# A fish that makes you look closer...at the aquascape



## nonamethefish (Feb 25, 2004)

If you guys have some funny looks at my title, let me explain.


Looking at a planted tank as a whole is quite beautiful, with the fish swimming around, but when you zoom in, its just the plants, with no little rewards. I've been thinking about using some kind of fish that does provide this, as in fry. That way, if you observe the foreground closely, you may be lucky enough to spot a few baby whatever foraging through it.


I've been thinking about either using WC mollies along with topminnows, or X. montezumae, preferably the ivory form, esp. cause the price seems to be dropping to my range now(hey, you don't got that much to spend at 14 do you?).

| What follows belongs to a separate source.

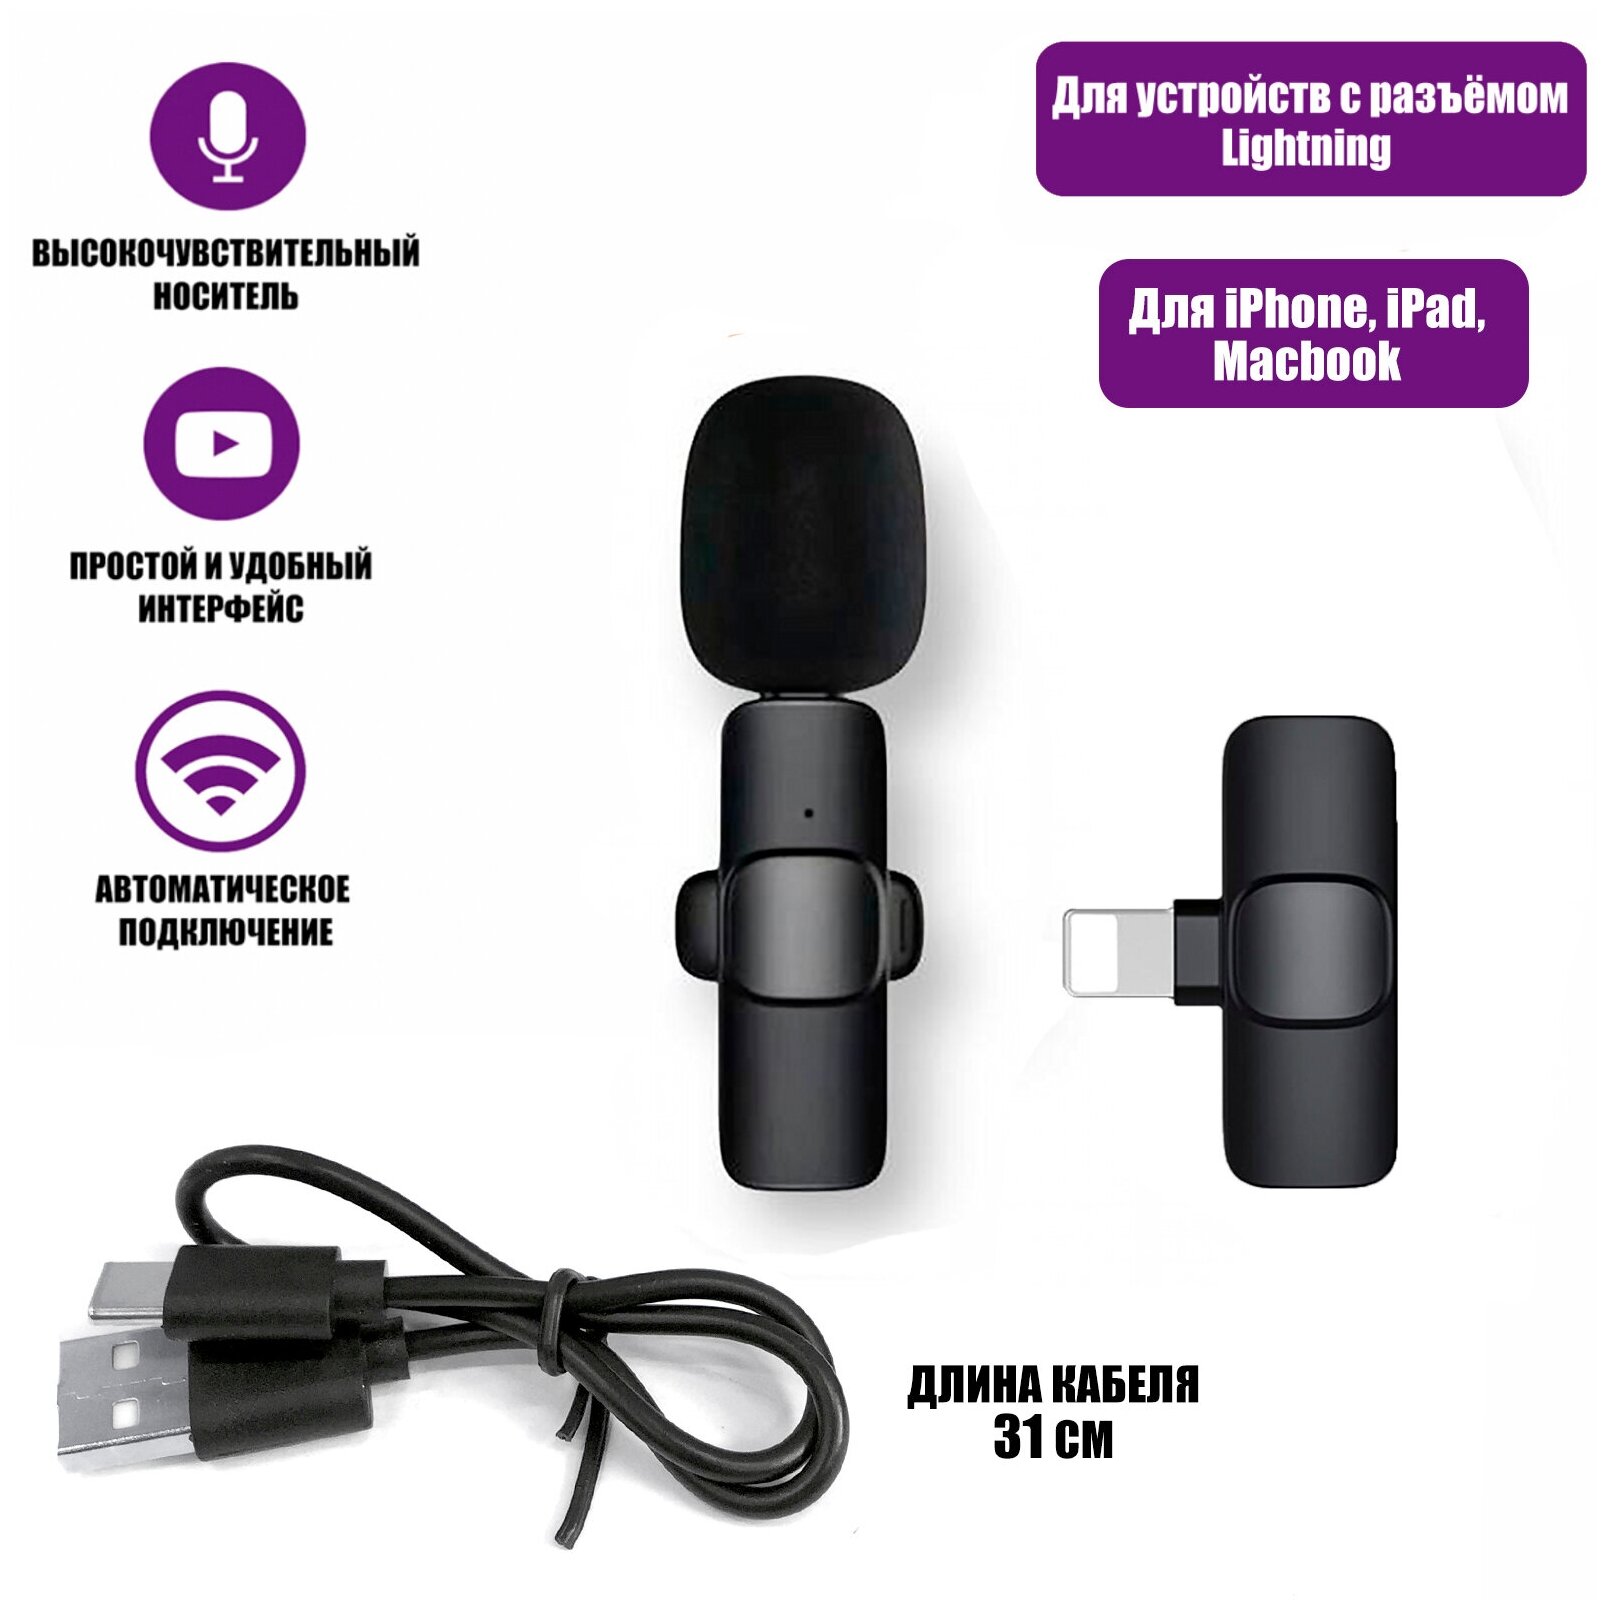 Беспроводной петличный микрофон K9 для Iphone и других устройств с разъемом Lightning

Does anyone have any suggestions or has done something like this before? Perhaps the use of small shrimp and crustaceans would too and...


----------



## niko (Jan 28, 2004)

Heterandria formosa, tiny livebearer with rather boring coloration, but may work good for yout tank. Size of the male is no more than 1/4 in., females are about 1/2 inch.

The fish' mouth is so small that they can't even eat their new born babies so you may have them reproduce quite quickly. For some reason I could never get them to have fry.

Heterandria formosa pix

A good example of the fish size

--Nikolay


----------



## IUnknown (Feb 24, 2004)

Niko, these fish sound interesting and I have seen them recommended before. Any other info? How do they school? Do they hide or are they fearless? Are they easy to obtain from a LFS? They sound like they look like having fry in a fish tank because of there small size.
Thanks,
Greg


----------



## bms (Feb 19, 2004)

I keep guppies on my planted aquarium. Guppies reproduce fairly easily (they are livebearers) and if you have enough plants fry will be able to hide and eat without being attacked by adult guppies.

They do not school, they do however have an intersting mating ritual on which males show off their vibrant colors.

They are hardy and will tolerate relatively big changes in the conditions of the water (ph, temperature, etc.)

I have looked around and have yet to find aquascapers recommend guppies for planted tanks, I am not sure why? My guess is that they are small fish and do not school.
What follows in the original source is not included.